Many assemblers support predefined macros, and others support programmer-defined (and repeatedly redefinable) macros involving sequences of text lines that variables and constants are embedded in. This sequence of text lines may include a sequence of instructions, or a sequence of data storage pseudo-ops. Once a macro has been defined using the appropriate pseudo-op, its name may be used in place of a mnemonic. When the assembler processes such a statement, it replaces the statement with the text lines associated with that macro, then processes them just as though they had appeared in the source code file all along (including, in better assemblers, expansion of any macros appearing in the replacement text).

Since macros can have 'short' names but expand to several or indeed many lines of code, they can be used to make assembly language programs appear to be much shorter (require less lines of source code from the application programmer, as with a higher level language). They can also be used to add higher levels of structure to assembly programs, optionally introduce embedded de-bugging code via parameters and other similar features.

Many assemblers have built-in (or predefined) macros for system calls and other special code sequences, such as the generation and storage of data realized through advanced bitwise and boolean operations used in gaming, software security, data management, and cryptography.

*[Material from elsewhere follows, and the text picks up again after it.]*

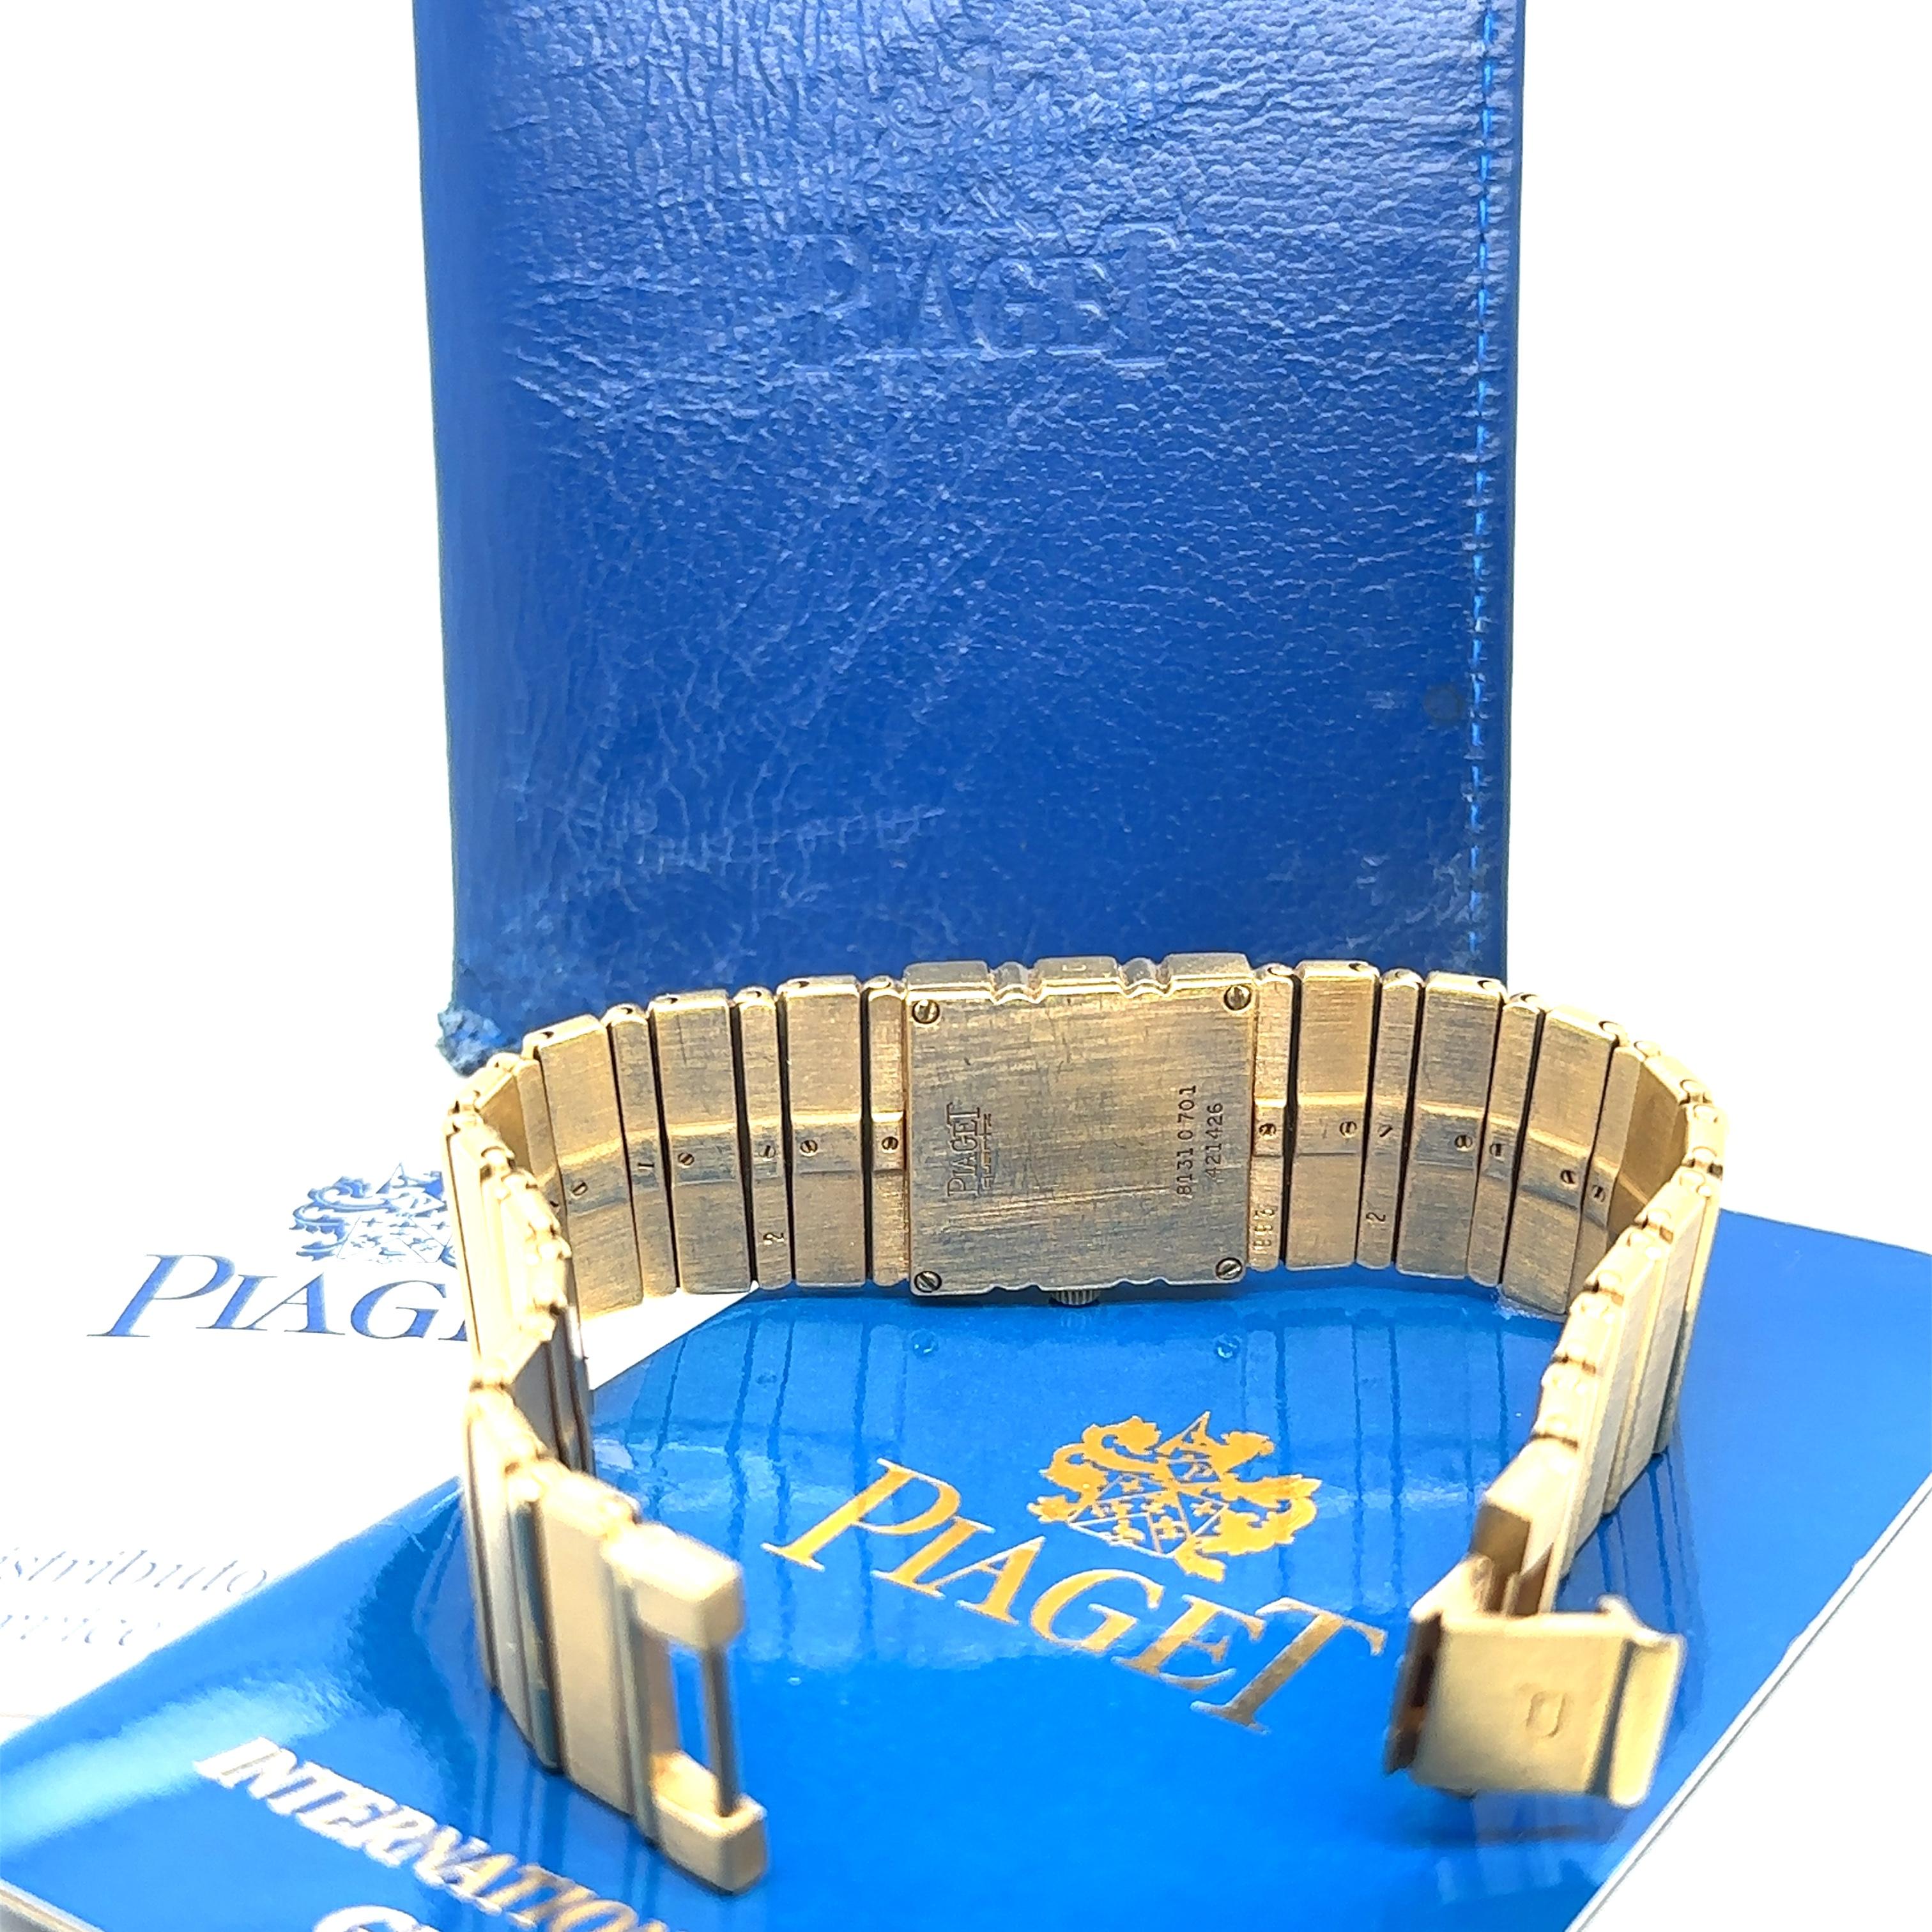 PIAGET Polo 8131-C 701 18K Gold Unisex Quartz Watch - 101.25GR 5

Macro assemblers often allow macros to take parameters. Some assemblers include quite sophisticated macro languages, incorporating such high-level language elements as optional parameters, symbolic variables, conditionals, string manipulation, and arithmetic operations, all usable during the execution of a given macro, and allowing macros to save context or exchange information. Thus a macro might generate a large number of assembly language instructions or data definitions, based on the macro arguments. This could be used to generate record-style data structures or "unrolled" loops, for example, or could generate entire algorithms based on complex parameters. An organization using assembly language that has been heavily extended using such a macro suite can be considered to be working in a higher-level language, since such programmers are not working with a computer's lowest-level conceptual elements.

Macros were used to customize large scale software systems for specific customers in the mainframe era and were also used by customer personnel to satisfy their employers' needs by making specific versions of manufacturer operating systems; this was done, for example, by systems programmers working with IBM's Conversational Monitor System/Virtual Machine (CMS/VM) and with IBM's "real time transaction processing" add-ons, CICS, Customer Information Control System, and ACP/TPF, the airline/financial system that began in the 1970s and still runs many large Global Distribution Systems (GDS) and credit card systems today.

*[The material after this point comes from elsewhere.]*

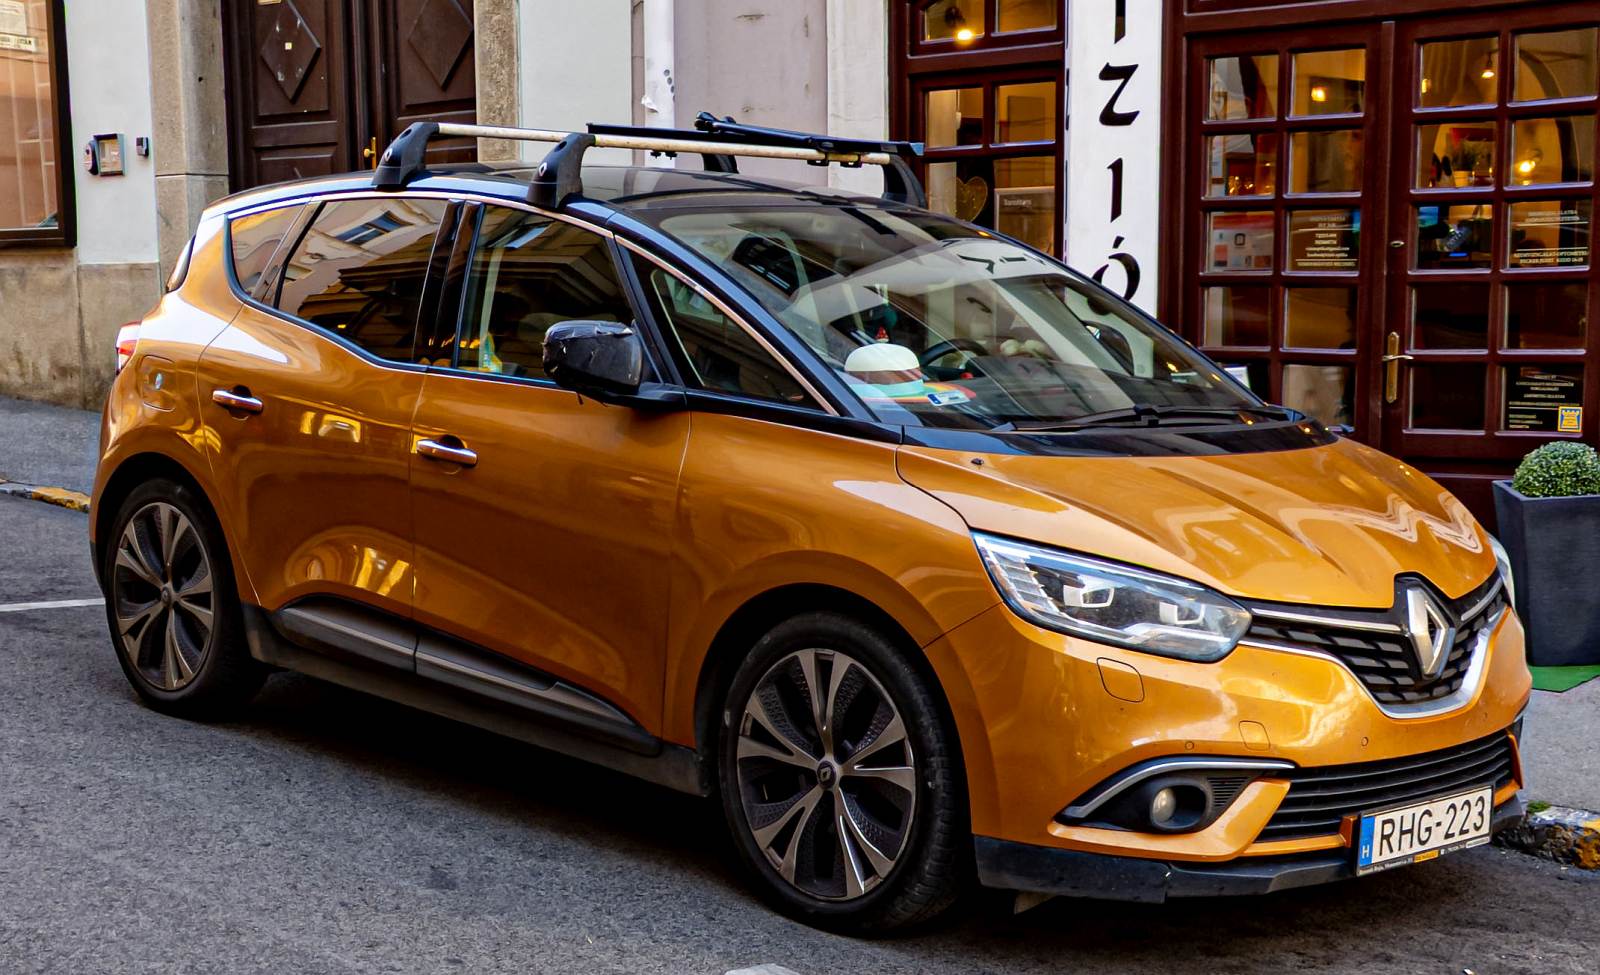 Hier ist ein Renault Scenic (vierte Generation) in der Farbe  Honey Yellow  zu sehen. Foto: Juli, 2023.

It was also possible to use solely the macro processing capabilities of an assembler to generate code written in completely different languages, for example, to generate a version of a program in Cobol using a pure macro assembler program containing lines of Cobol code inside assembly time operators instructing the assembler to generate arbitrary code.

This was because, as was realized in the 1970s, the concept of "macro processing" is independent of the concept of "assembly", the former being in modern terms more word processing, text processing, than generating object code. The concept of macro processing in fact appeared in and appears in the C programming language, which supports "preprocessor instructions" to set variables, and make conditional tests on their values. Note that unlike certain previous macro processors inside assemblers, the C preprocessor was not Turing-complete because it lacked the ability to either loop or "go to", the latter allowing the programmer to loop.

Despite the power of macro processing, it fell into disuse in high level languages while remaining a perennial for assemblers.

This was because many programmers were rather confused by macro parameter substitution and did not disambiguate macro processing from assembly and execution[dubious ].

Macro parameter substitution is strictly by name: at macro processing time, the value of a parameter is textually substituted for its name. The most famous class of bugs resulting was the use of a parameter that itself was an expression and not a simple name when the macro writer expected a name. In the macro: foo: macro a load a*b the intention was that the caller would provide the name of a variable, and the "global" variable or constant b would be used to multiply "a". If foo is called with the parameter a-c, an unexpected macro expansion occurs.

To avoid this, users of macro processors learned to religiously parenthesize formal parameters inside macro definitions, and callers had to do the same to their "actual" parameters[citation needed].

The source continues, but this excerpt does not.